The BBC was accused of sacrificing quality for cost-cutting yesterday after the resignation of the editor of one of its specialist magazines.
Leading environmentalists reacted with anger and dismay to the news that Rosamund Kidman Cox, the long-standing editor of the award-winning BBC Wildlife, is resigning rather than carry on working on a new low-cost version of the magazine to be produced by an outside company.
Green campaigners, writers and film makers lined up to accuse the corporation of putting profits before editorial quality in moving the magazine, which under Ms Kidman Cox has built up a global reputation, from in-house production to Origin Publishing, a firm producing titles such as Cross Stitch Crazy and Your Hair.
They accused the BBC of failing to recognise the importance of Ms Kidman Cox, a hugely respected figure within the British environment movement. She has built up the magazine's Wildlife Photographer of the Year competition to be the world's top wildlife photography showcase, with more than 20,000 entries annually.
BBC Worldwide, the commercial arm of the corporation, has bought Bristol-based Origin, which specialises in low-cost, low-staff, no-frills publishing, and is transferring to it its three prestigious specialist magazines - BBC Wildlife and its sister publications BBC History, and BBC Music. The reason given is cost: all three have sales of between 40,000 and 60,000 copies monthly, but do not make money.
Since the deal was announced, fears have been expressed that cutting costs will mean dumbing down magazines which attract a loyal readership for their excellence. The transfer out-of-house from the BBC itself is likely to mean that staff numbers - about a dozen on each of the titles - will be halved and budgets slashed. The three editors have each been given the choice of transferring to Origin, or taking redundancy.
Greg Neale, editor of BBC History, and Helen Wallace, editor of BBC Music, are considering their positions, BBC Worldwide said. They face the choice of moving to Bristol from London, where their magazines are currently produced.
Ms Kidman Cox, however, faces no such difficulty, as her magazine is already published in Bristol, where it has long been associated with the BBC Natural History Unit. Her refusal to go to Origin after 21 years at the helm of BBC Wildlife is, therefore, the clearest possible vote of no confidence in the new publishing regime for her magazine.
A BBC Worldwide spokesman said yesterday: "Ros is resigning. What Ros wants to say about why she's leaving is up to Ros." But he agreed that the change of publishing regime "may have a bearing" on her decision.
Ms Kidman Cox declined to comment yesterday.
Tony Juniper, the director of Friends of the Earth, said: "Ros has created probably the world's leading wildlife magazine, and for that great achievement to be put at risk through some short-sighted BBC business decision geared towards cost-cutting is tragic."

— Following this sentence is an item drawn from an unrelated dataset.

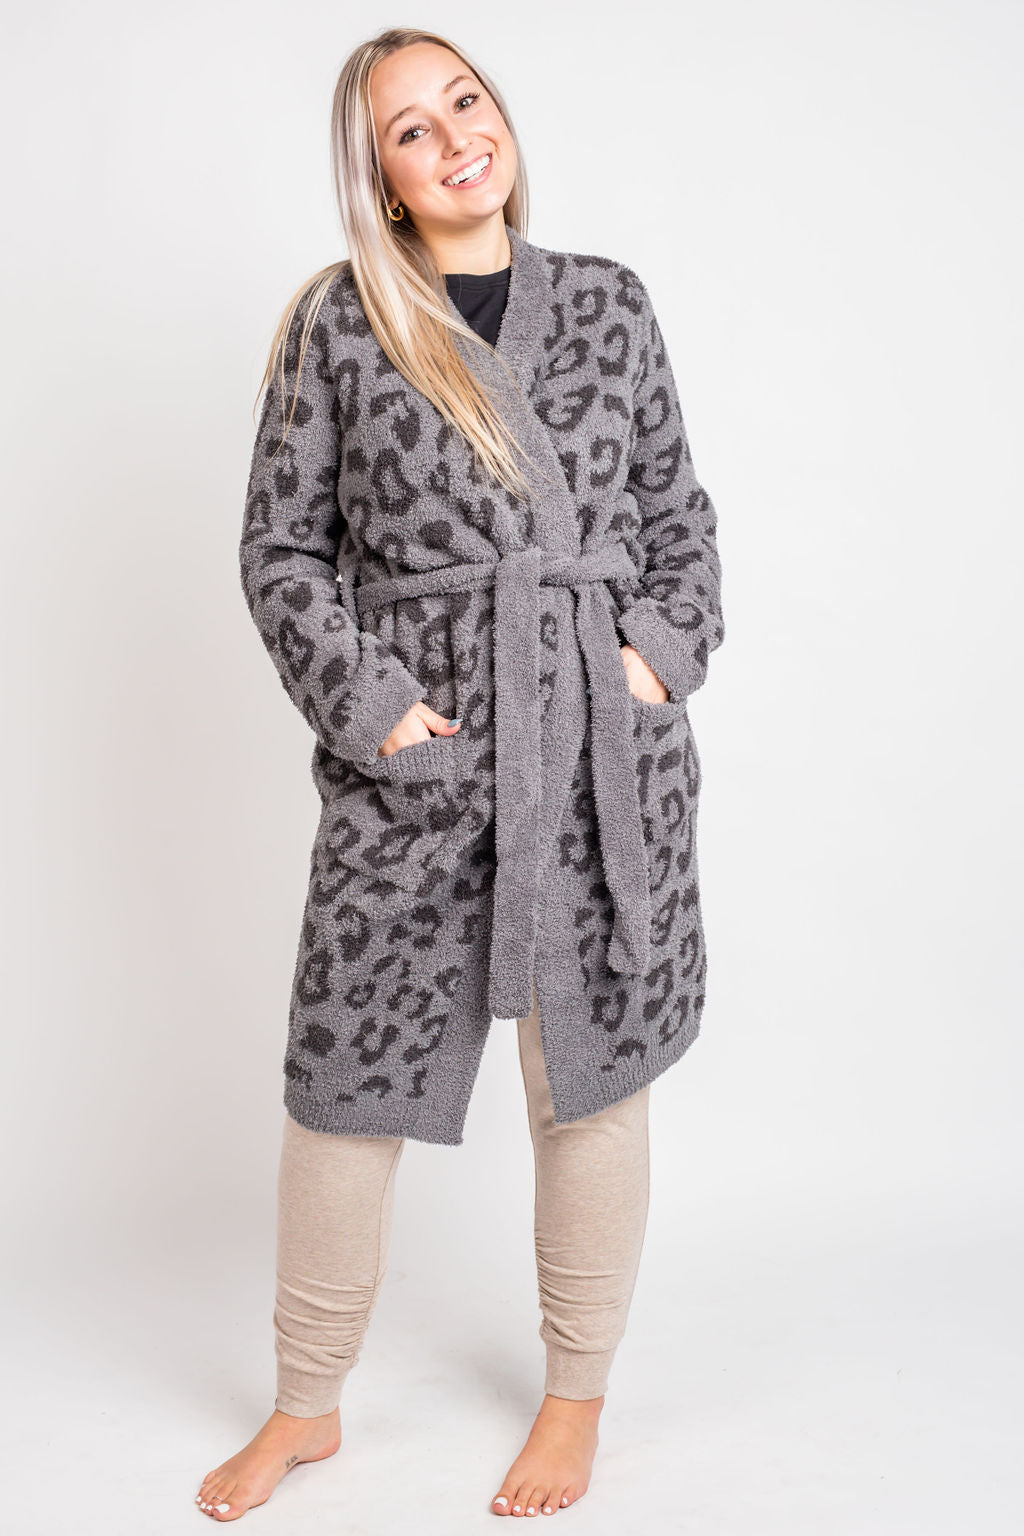 Barefoot Dreams CozyChic In The Wild Robe Loungewear in  at Wrapsody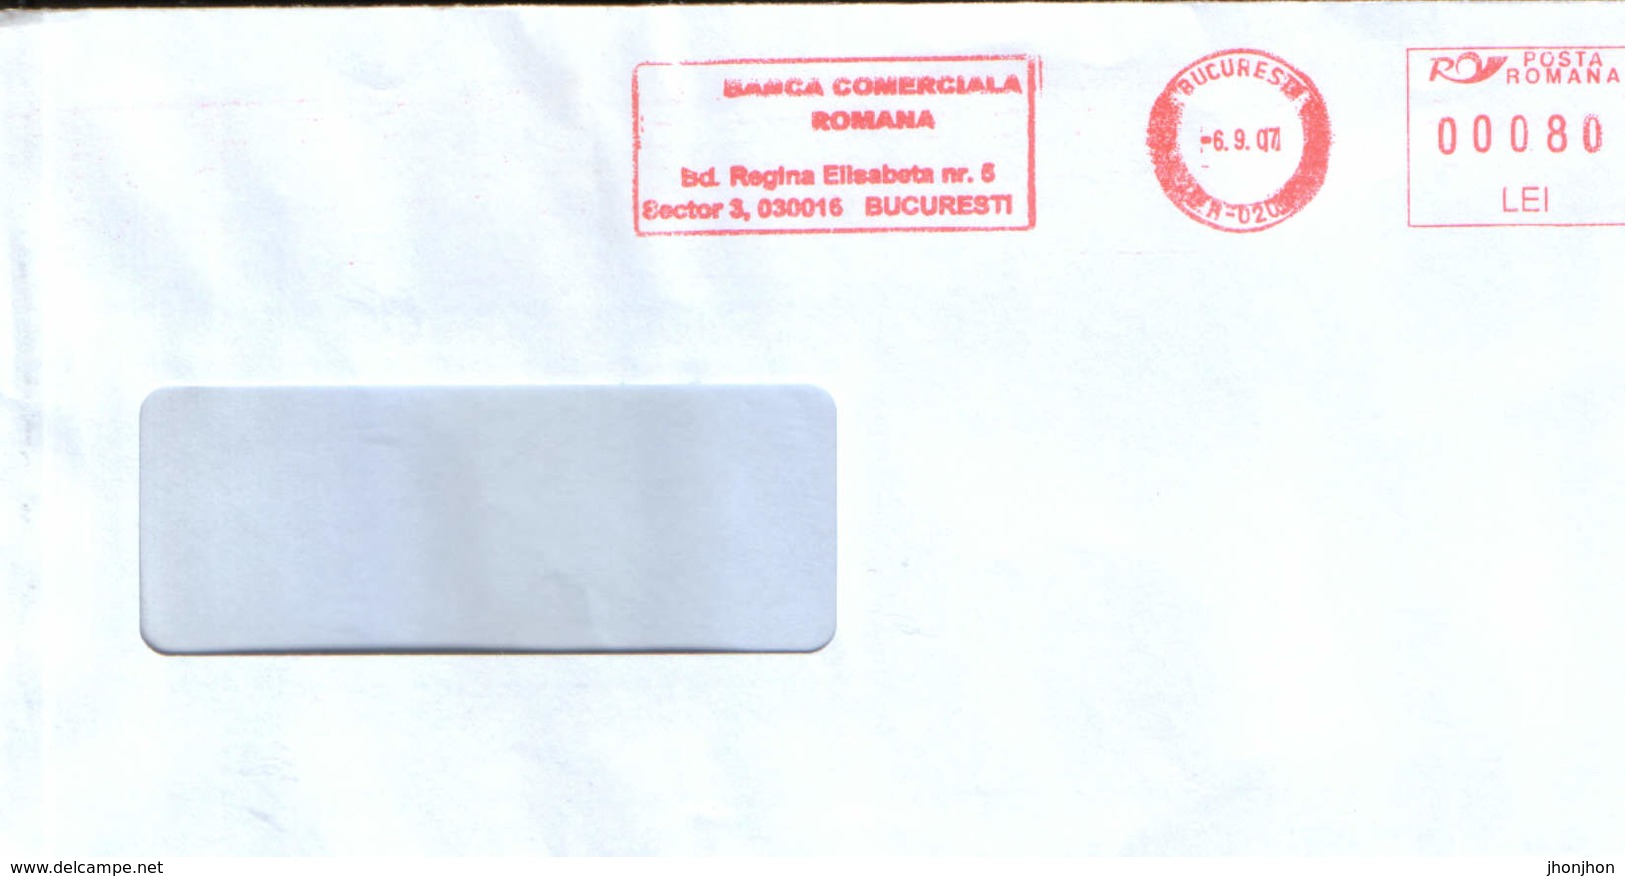 Romania - Cover (Letter) Personalized - Commercial Bank, Circulated In 2007 - Machine Footprints - Franking Machines (EMA)

Jonathon Porritt, chairman of the Government's Sustainable Development Commission, said he was "very dismayed" by her resignation. "It will have a big impact on the quality of BBC Wildlife, not just the content, but in the way it's printed," he said.
Richard Mabey, a naturalist and author of the best-selling Flora Britannica, has worked for Ms Kidman Cox since the first issue in 1983. He said yesterday: "I think it's totally tragic. The BBC have done this as a money-saving exercise and it is a misguided decision."
Chris Packham, a wildlife film maker and television presenter, said: "Without Ros it will be impossible to ensure the magazine's qualities are maintained. This is a further decline in standards at the BBC."